Jihadi bride Shamima Begum "ready to face prison" if allowed back into the UK, says report

The claims come just a day after the 19-year-old mother pleaded she was just a 'housewife' during her time in war-torn Syria.


                            Jihadi bride Shamima Begum "ready to face prison" if allowed back into the UK, says report

Jihadi ISIS bride Shamima Begum is so desperate to get back into Britain that she is ready to go to prison, a report said.

Currently residing in a Syrian refugee camp where she gave birth to a boy a few days ago, the 19-year-old admitted in a BBC interview that she was one of Islamic State's "poster girls" and apologized for fleeing the country to join them, The Sun reports.

"IS supporter Shamima Begum admits to BBC News she was a poster girl for IS recruitment, apologizes to Britain for joining IS and says she is ready to face prison if she’s allowed to return," BBC Middle East correspondent Quentin Sommerville said on Twitter.



 

During the BBC interview, the 19-year-old said, "I actually do support some British values and I am willing to go back to the UK and settle back again and rehabilitate and that stuff. The poster girl thing was not my choice."

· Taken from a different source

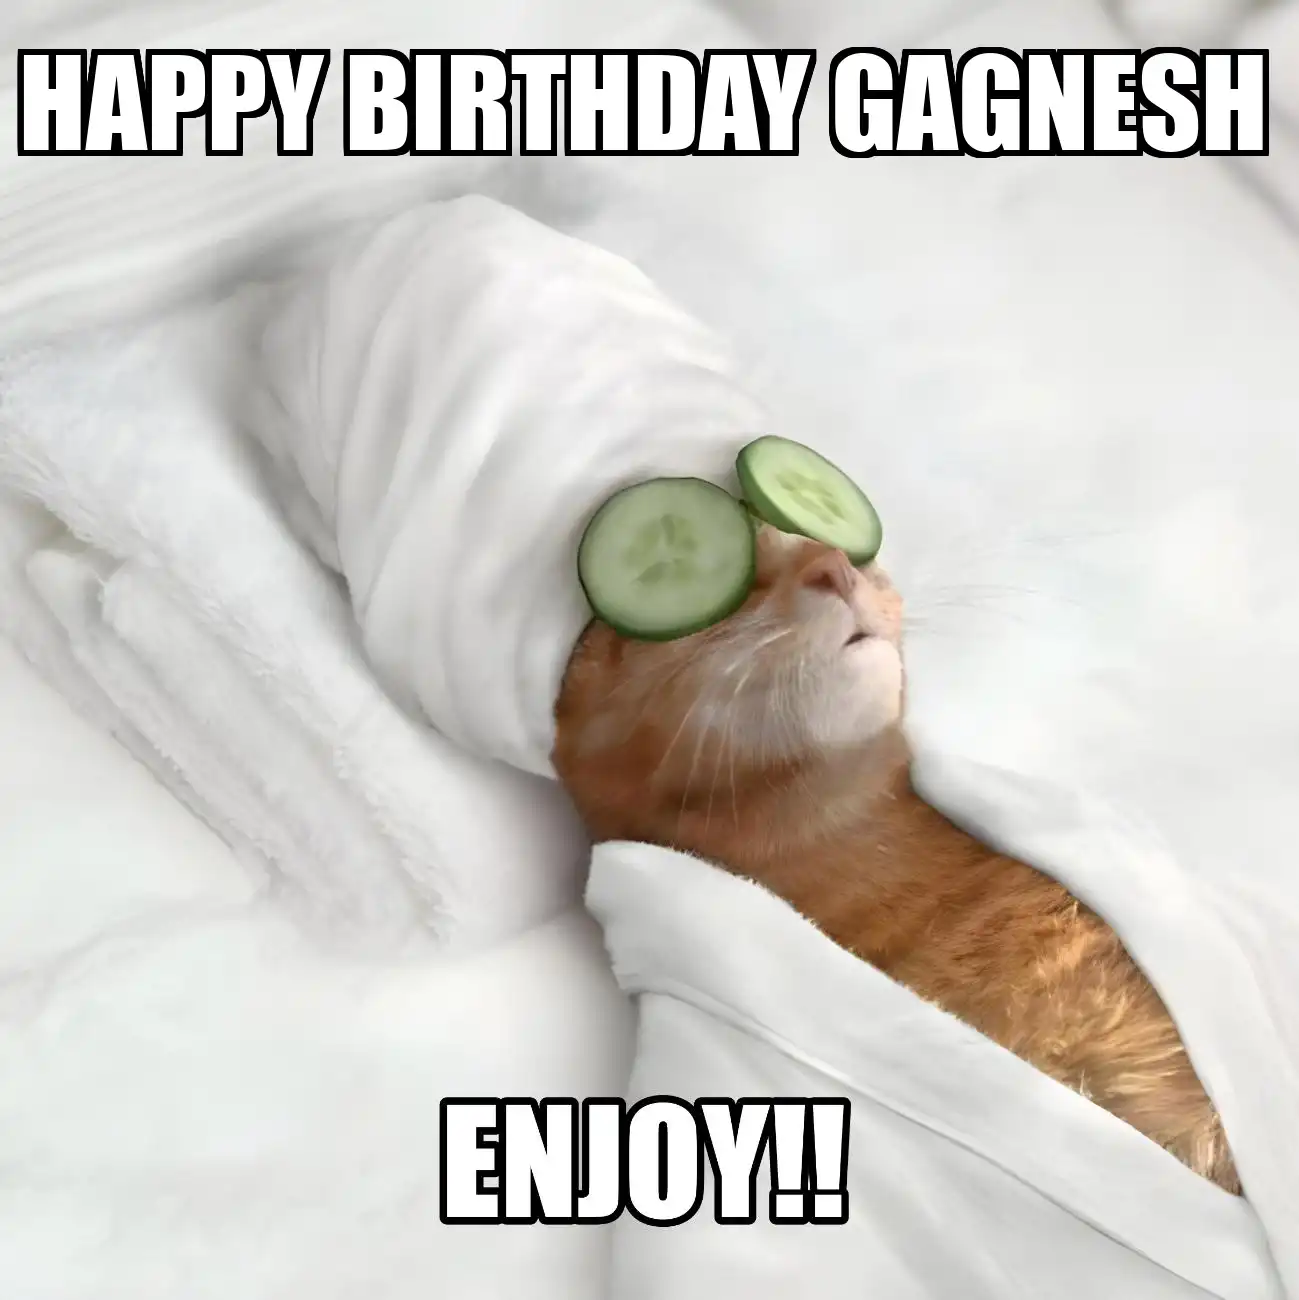 Happy Birthday Gagnesh Enjoy Cat Meme
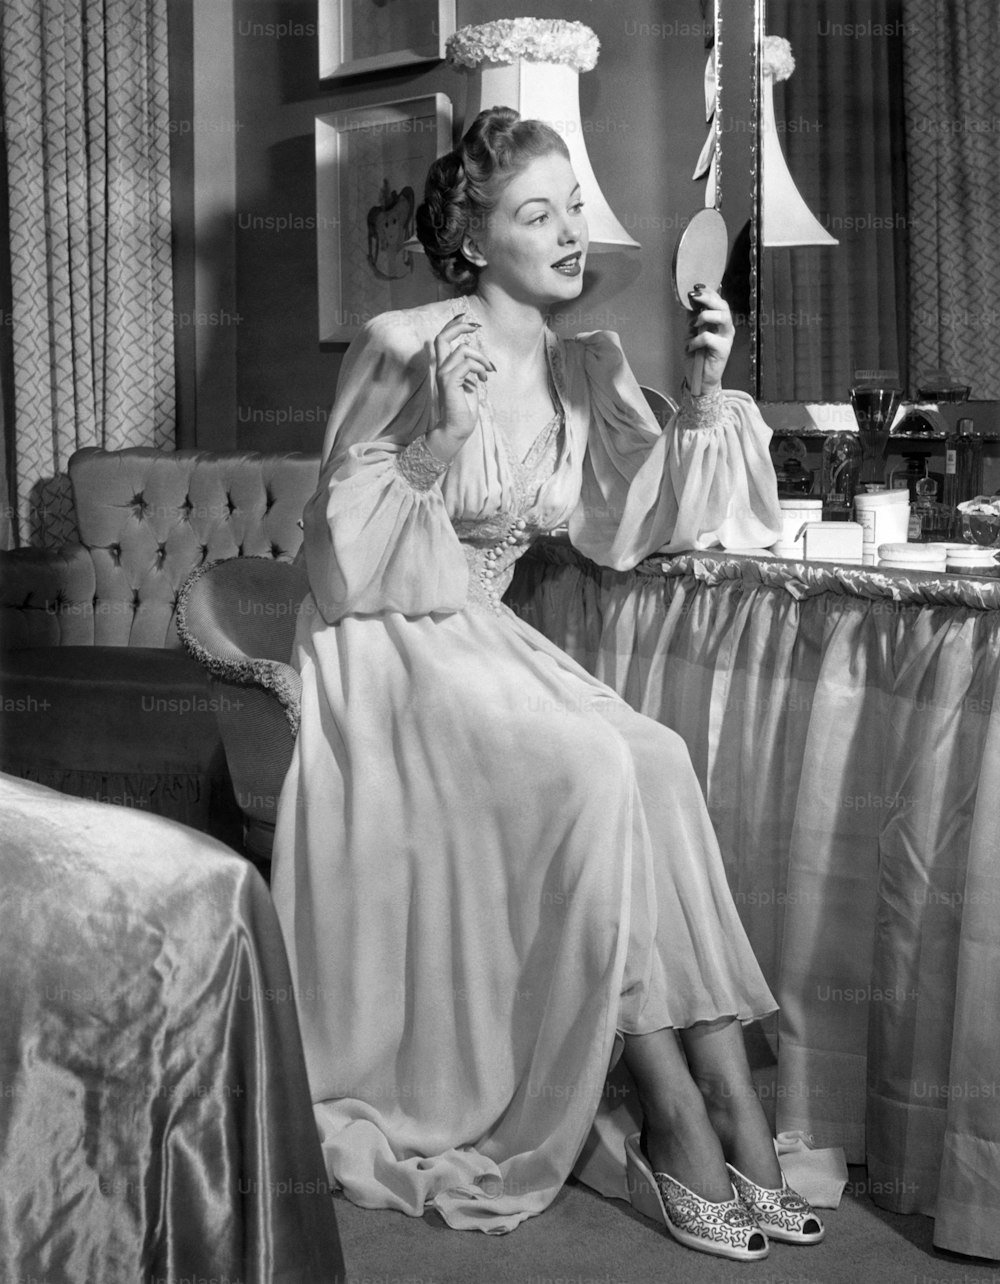 STATI UNITI - 1950 circa: Una donna in camicia da notte che si guarda allo specchio.

She told Somerville she was inspired after watching ISIS propaganda videos online and said that she knew "of the ISIS-inspired attacks in Manchester and elsewhere, but hadn't realized women and children were killed."

However, she felt it was retaliation and so it was "a fair justification" to compare the Manchester Arena suicide bombing and other atrocities in Britain with the war being fought between the Assad regime and ISIS militants.

"I do feel that is wrong that innocent people did get killed," she said. "It's one thing to kill a soldier, it's fine, it's self-defense. But to kill people like women and children just like the women and children in Baghuz who are being killed right now unjustly by the bombings - it's a two-way thing really because women and children are being killed back in the Islamic State right now. It's kind of retaliation. Their justification was that it was retaliation so I thought, okay, that is a fair justification."

Renu Begum, eldest sister of Shamima Begum, 15, holds her sister's photo as she is interviewed by the media at New Scotland Yard, as the relatives of three missing schoolgirls believed to have fled to Syria to join Islamic State have pleaded for them to return home, on February 22, 2015, in London, England. (Photo by Laura Lean - WPA Pool/Getty Images)
Renu Begum, eldest sister of Shamima Begum, 15, holds her sister's photo as she is interviewed by the media at New Scotland Yard, as the relatives of three missing schoolgirls believed to have fled to Syria to join Islamic State have pleaded for them to return home, on February 22, 2015, in London, England. (Photo by Laura Lean - WPA Pool/Getty Images)

 

That said, the BBC correspondent was worried the teen "still believes IS propaganda" and said that "when I asked her about the enslavement, murder, and rape of Yazidi women by IS, she said 'Shia do the same in Iraq'. She had little to offer in way of apology to the millions of Iraqis and Syrians whose lives were destroyed by IS."

Sommerville tweeted that Begum paused the wide-ranging interview momentarily to “feed her two-day-old baby boy." He added, “He is under her abaya [full-length outer garment]. She says she hopes her family will gain custody of him if she is imprisoned.”

Previously, Begum pleaded that she was only a "housewife" during her time in war-torn Syria. Speaking to Sky News, she said, "When I went to Syria I was just a housewife for the entire four years. I never did anything dangerous. I never made propaganda. I never encouraged people to come to Syria."



 

Begum was 15 when she fled to Syria in 2015, and within 10 days of arriving in Syria, she was married off to Dutch ISIS recruit Yago Riedijk, who has not been seen since he was arrested by other militants on suspicions of spying.

After being discovered in a refugee camp by a Times reporter last week, Begum expressed her desire to return back to the UK.

However, opinions are divided in the UK over whether to allow all the citizens who went to fight with the IS to return back to the country after the caliphate was routed.

Lawmakers are now contemplating whether she, and others like her, should be let back into the country, especially after an international law that gives British citizens a right to move back to the UK.

Begum's legal representative Tasnime Akunjee compared her treatment by the authorities with that given to Nazi war criminals after World War 2.

“In terms of the political landscape what she’s saying isn’t helpful," Akunjee told The Times. "She’s somebody who was persuaded to go out there. She will need help. She will obviously have to be de-radicalised. The Nazis had the Nuremberg trials. They were given due process. This girl was a victim when she went out there at 15 years old. Our politicians are saying that she should be denied protections and due process that would have been granted to Nazis.”